What changed, and for whom
Under the amended Electricity (Rights of Consumers) Rules, ToD pricing applies to commercial and industrial consumers with demand above 10 kW from April 2024, extending to most other non-agricultural consumers thereafter. State commissions set the exact windows and percentages, but the national frame is:
- Solar hours (roughly eight daytime hours, state-specified): tariff 10–20% below the normal rate.
- Peak hours (typically evening): tariff 10–20% above the normal rate.
The result is a spread of up to ~40% between the cheapest and most expensive units you buy in a single day.
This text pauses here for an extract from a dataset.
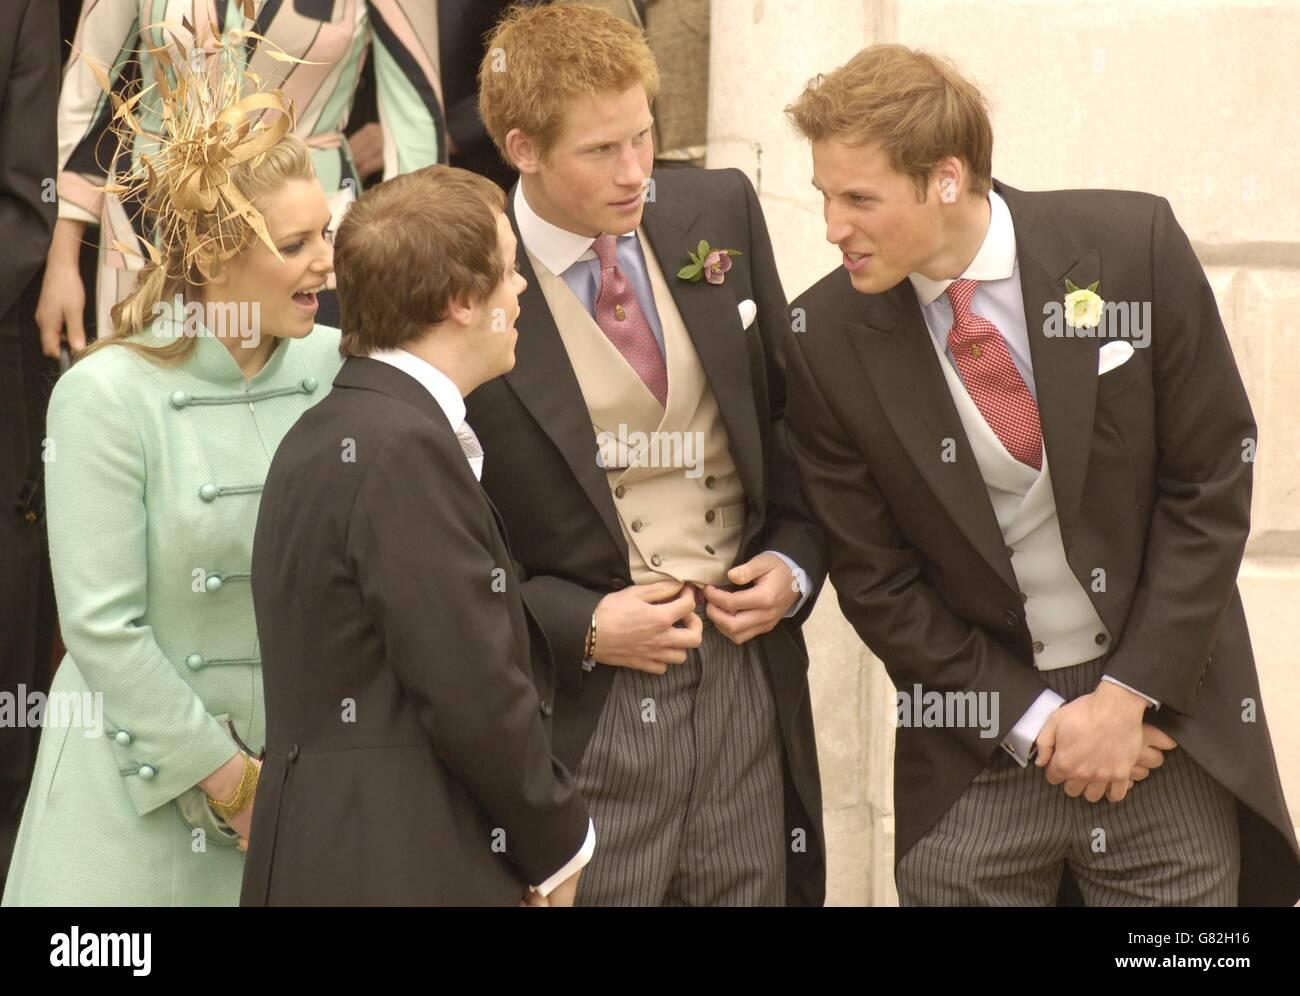 Boda Real El Matrimonio Del Principe Carlos Y Camila Parker Bowles Ceremonia Civil Guildhall De Windsor Fotografia De Stock Alamy

Why this rewrites C&I energy economics
Before ToD, when you consumed hardly mattered; now it is the bill’s biggest lever. A factory running its heaviest loads into the evening peak pays a structural premium every single day. Options:
- Shift the load — often operationally impossible.
- Generate on-site — solar helps, but it produces in the cheap window, not the expensive one.
- Store — buy or self-generate in the discounted window, discharge in the premium window. This is the only option that works without touching operations.
The arithmetic of one battery, one day
Take a 1 MWh battery cycling once daily on a ₹4/kWh peak-to-cheap spread: 1,000 kWh × ₹4 × ~330 effective cycles ≈ ₹13 lakh a year from arbitrage alone — before counting demand-charge reduction or backup value. The same battery also removes evening-peak exposure that will likely widen as states tune ToD percentages upward.
What we recommend checking on your bill
- Your state’s peak and solar-hour windows and percentages (they differ meaningfully).
- Your consumption profile across those windows (interval data if you have a smart meter).
- Your demand charges — ToD savings stack on top of peak shaving.